» **YOUR GOAL**
The material below holds the lines to copy: from the one with "Parabolic antenna for" up to and including the one with "Man in Red Jacket". Copy them exactly and skip the pictures.

» **DATASET EXCERPTS**
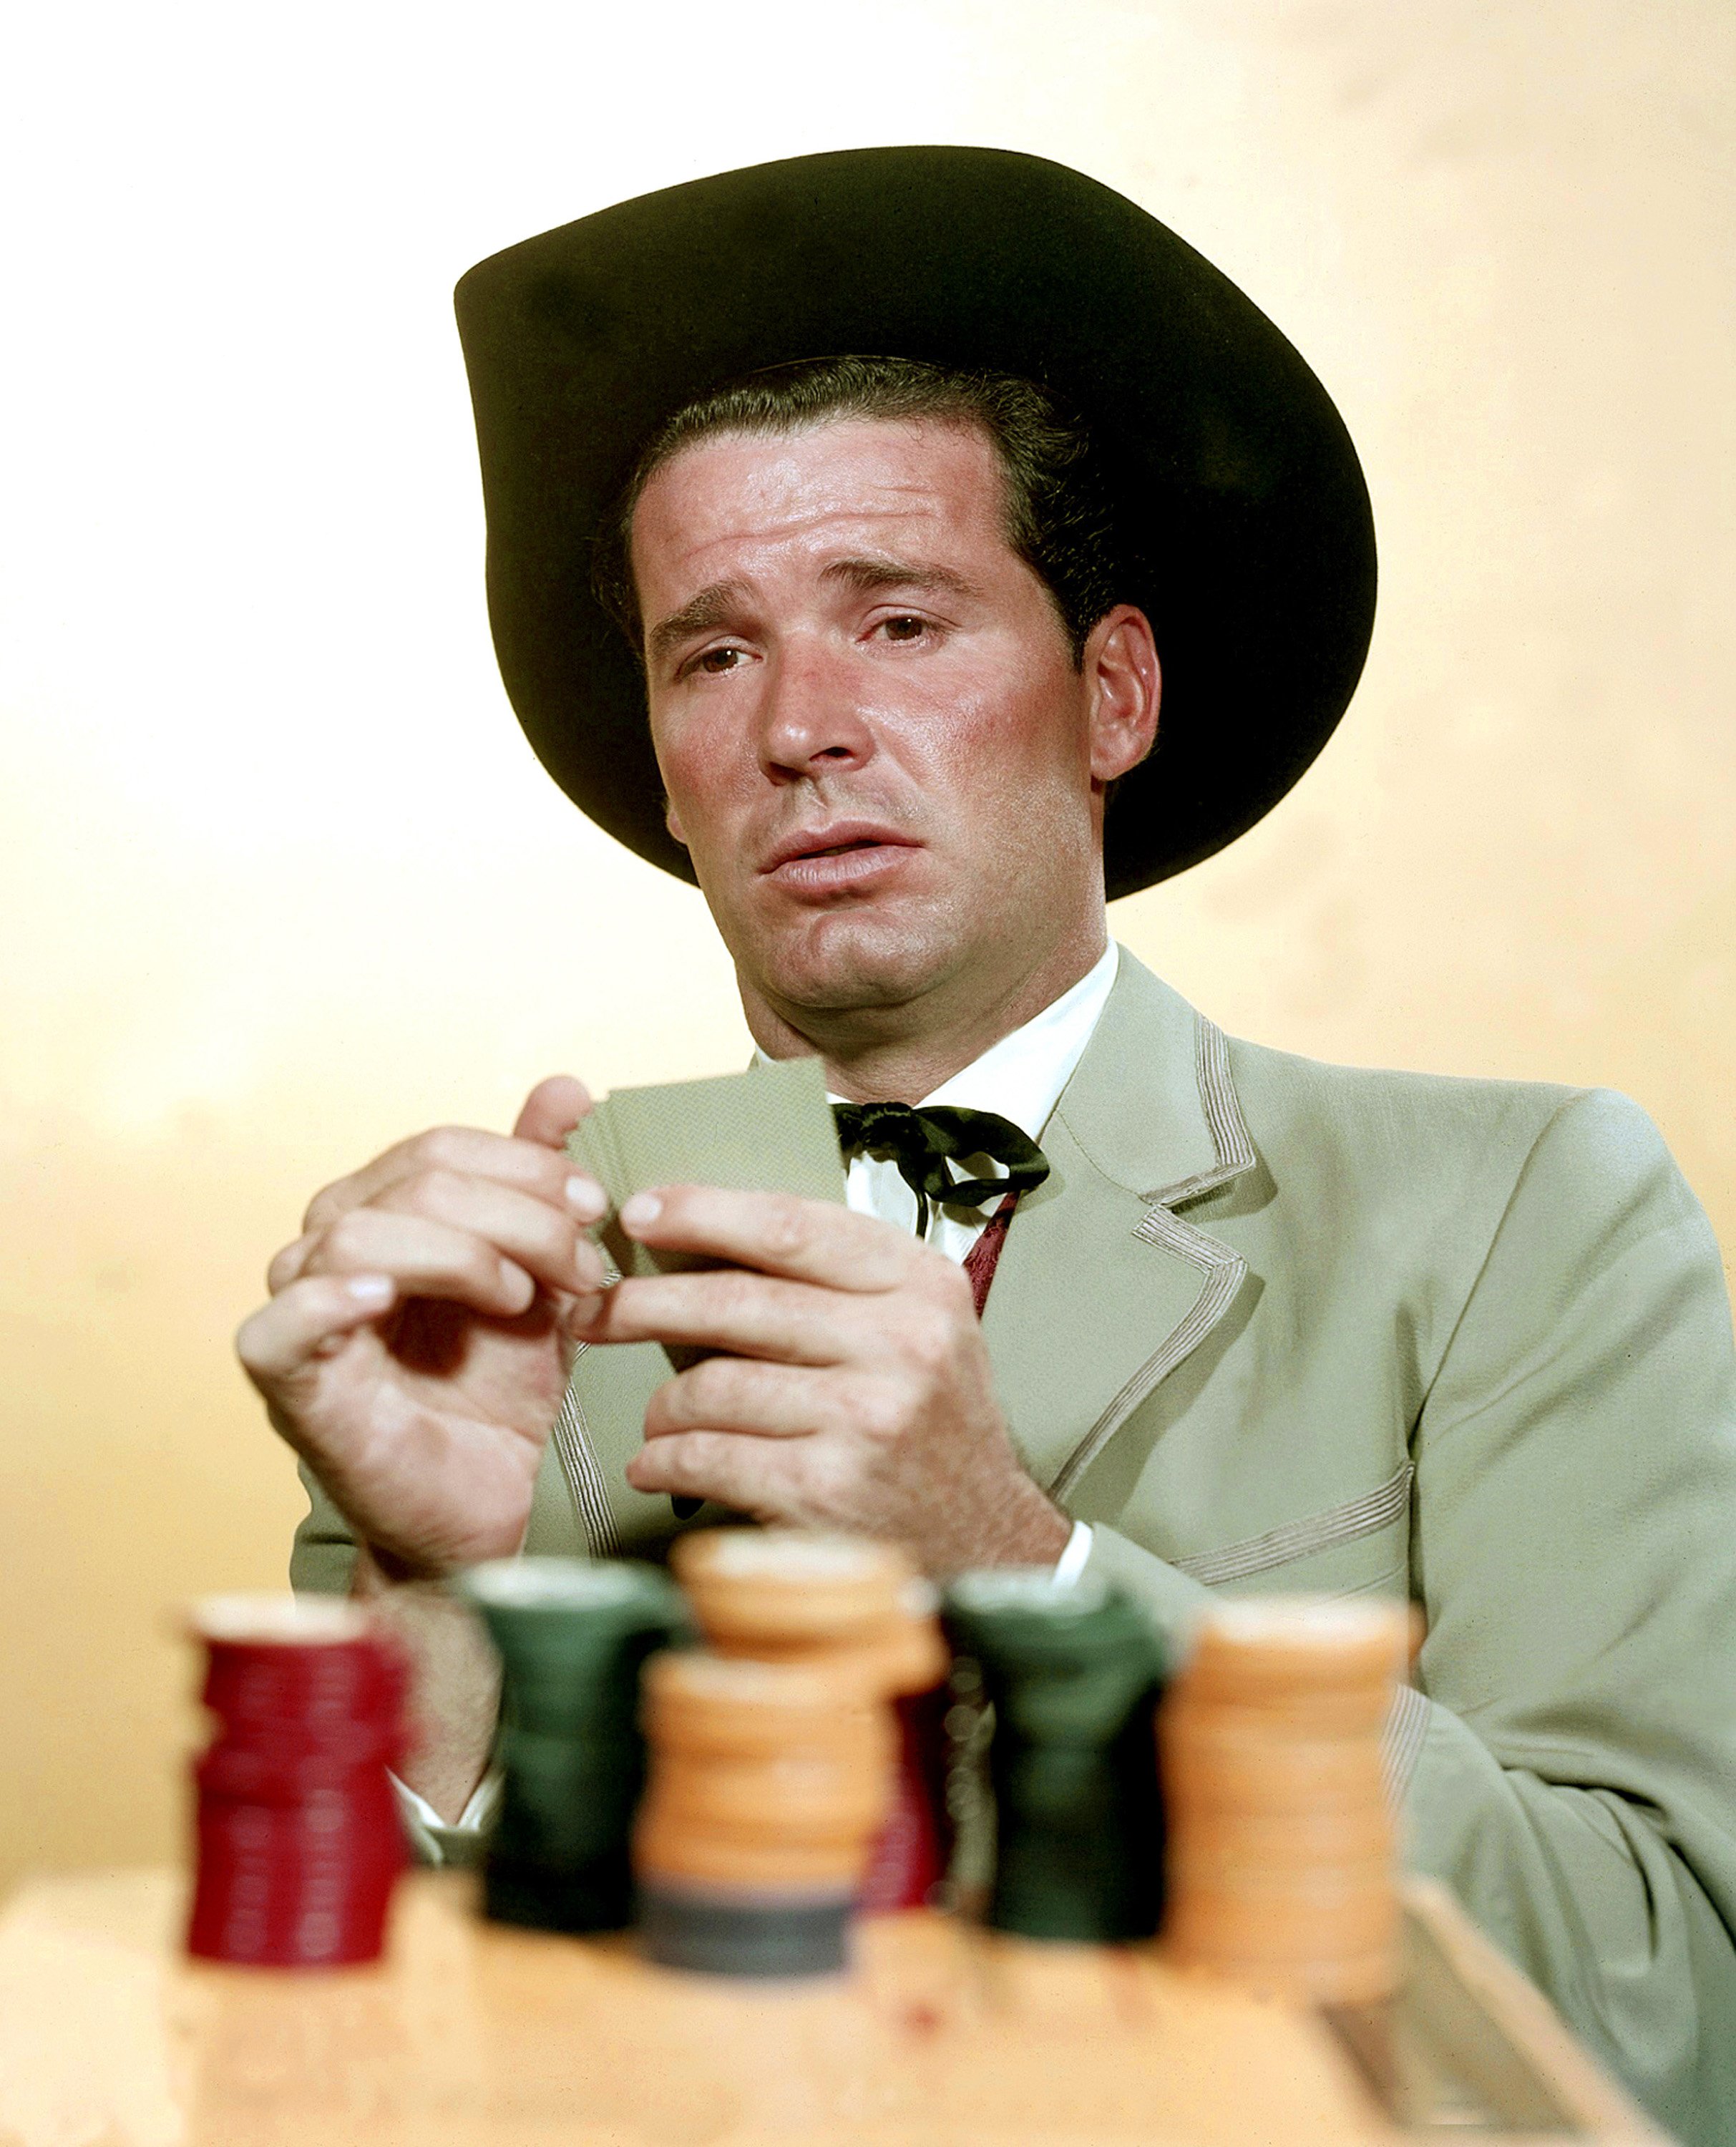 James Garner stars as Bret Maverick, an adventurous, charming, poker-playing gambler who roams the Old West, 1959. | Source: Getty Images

--

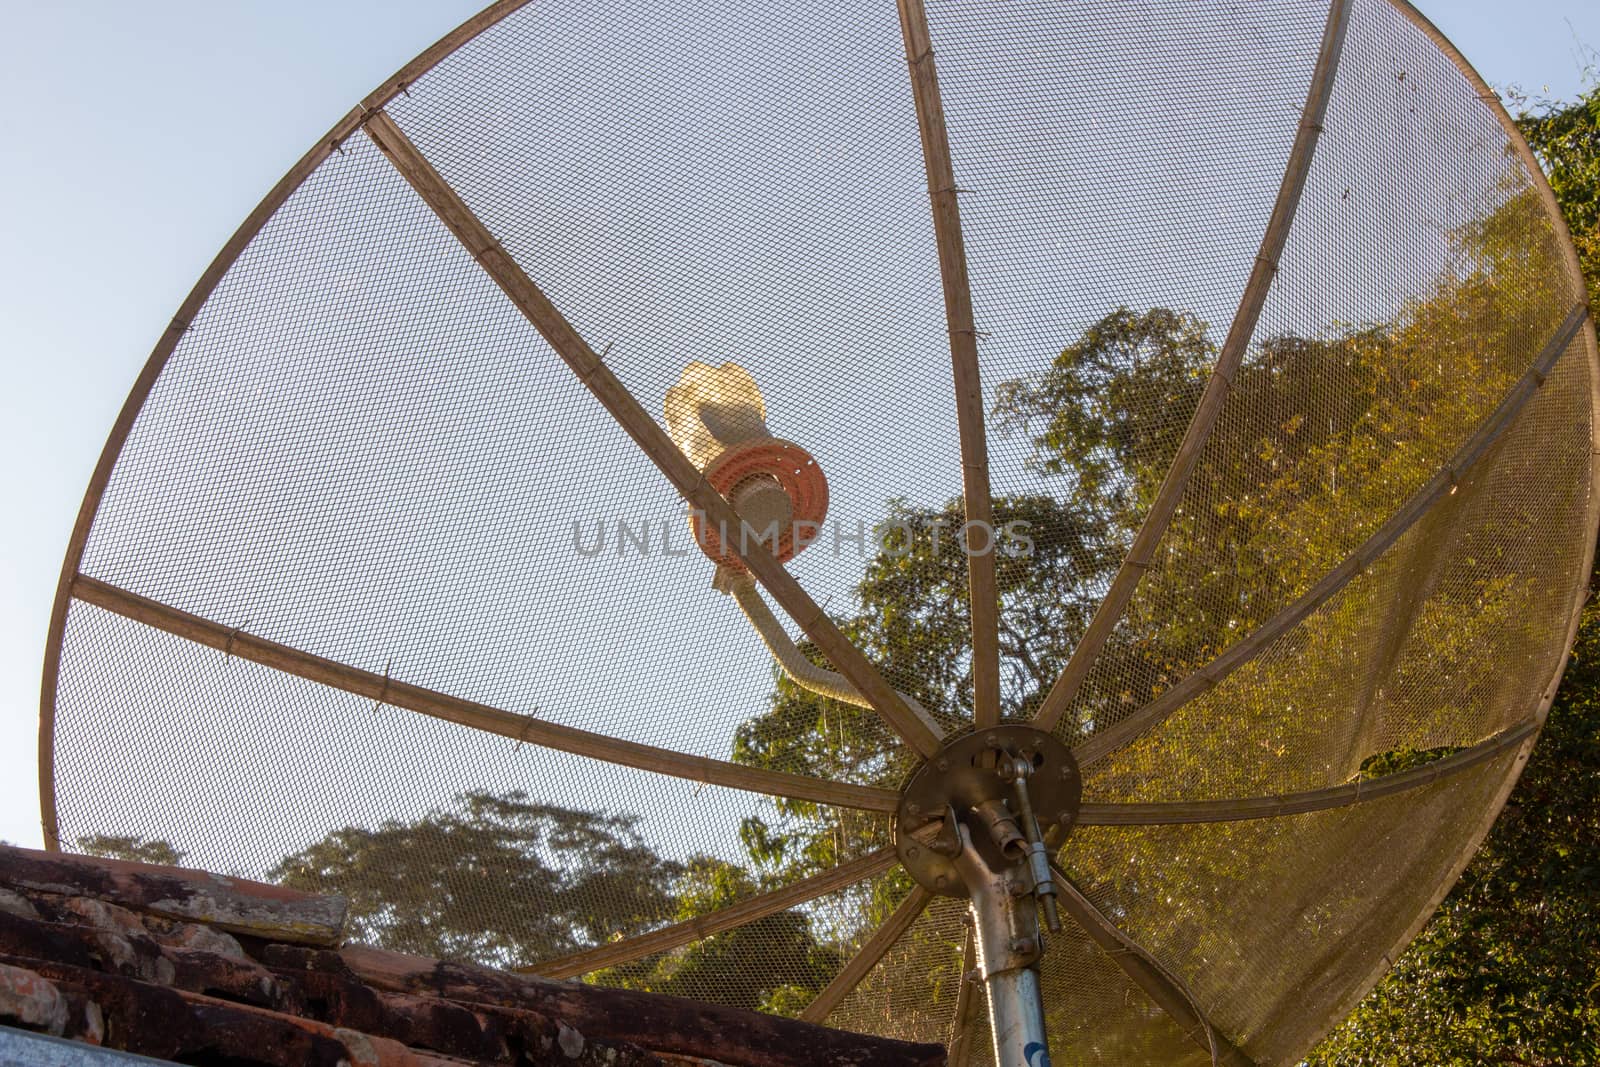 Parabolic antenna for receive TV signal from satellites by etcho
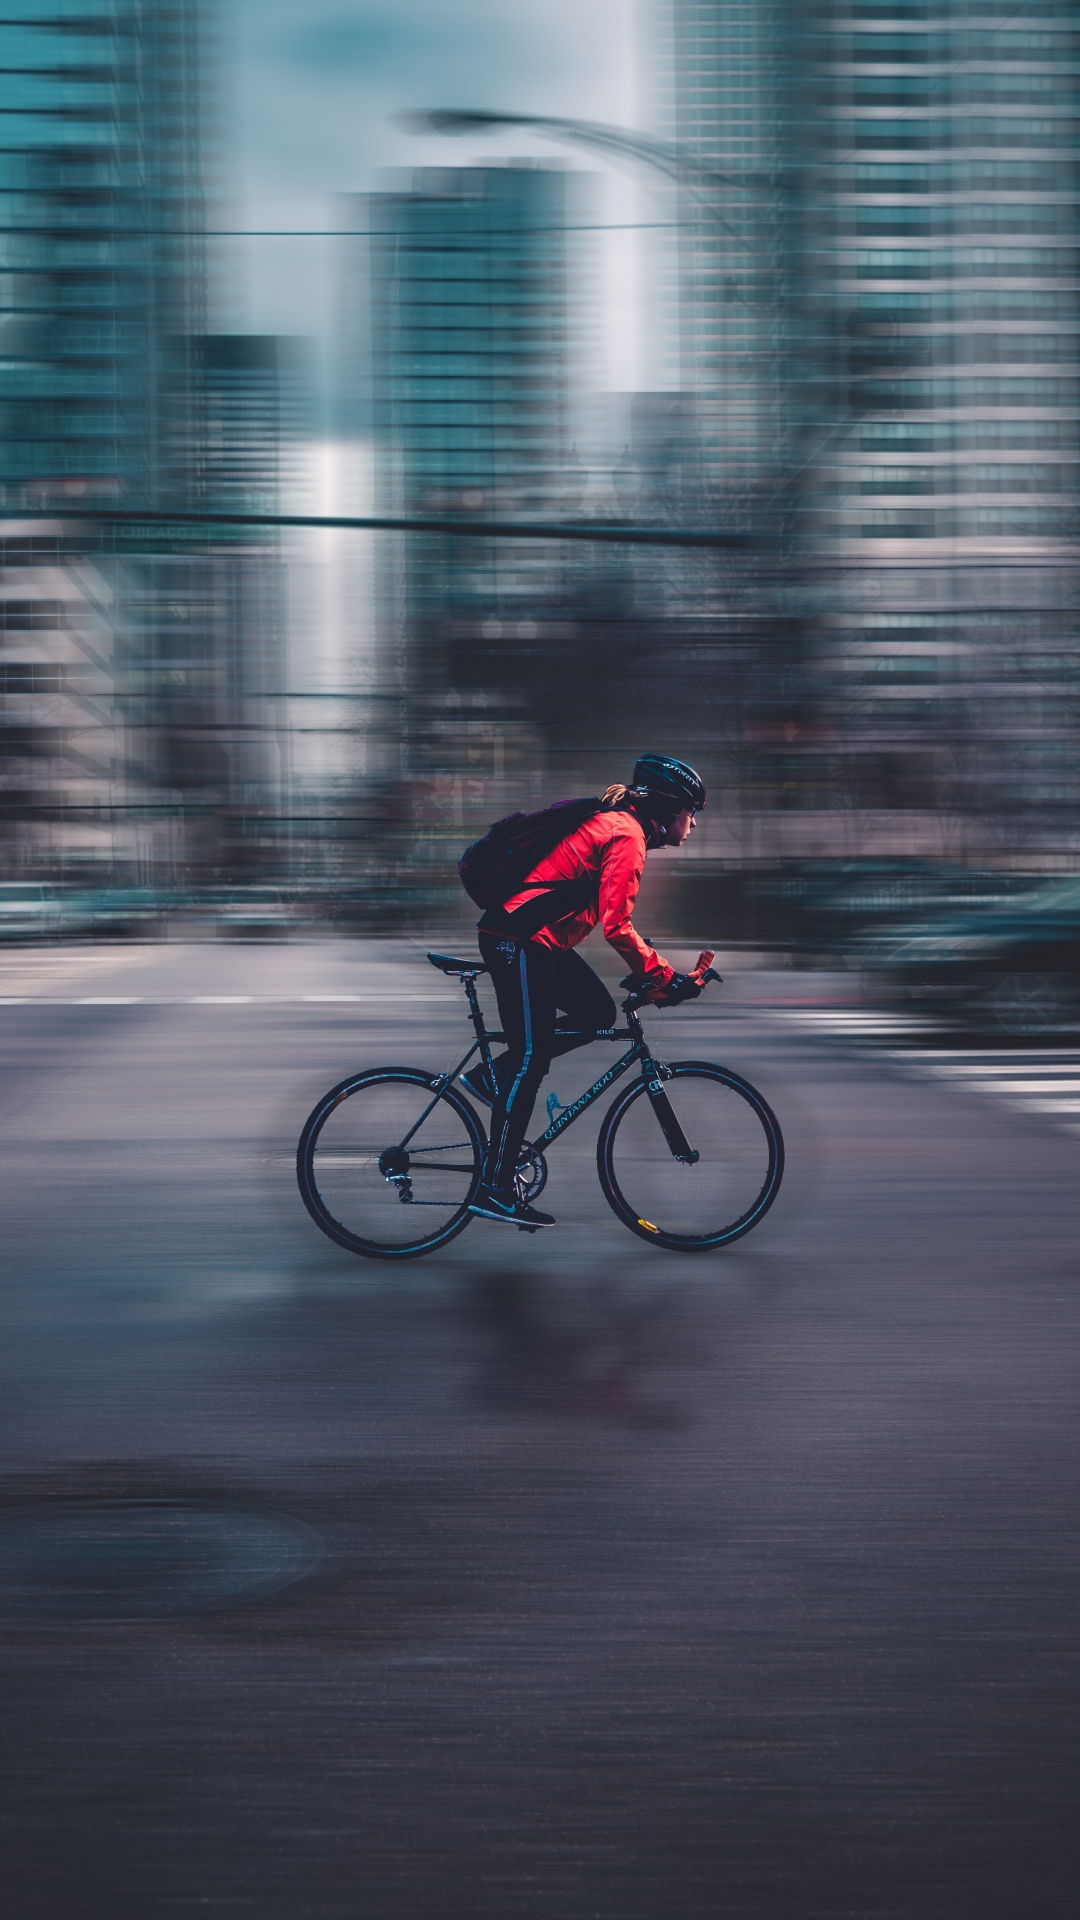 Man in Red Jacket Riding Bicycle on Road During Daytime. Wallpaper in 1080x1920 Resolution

» **EXPECTED ANSWER**
 Parabolic antenna for receive TV signal from satellites by etcho
 Man in Red Jacket Riding Bicycle on Road During Daytime. Wallpaper in 1080x1920 Resolution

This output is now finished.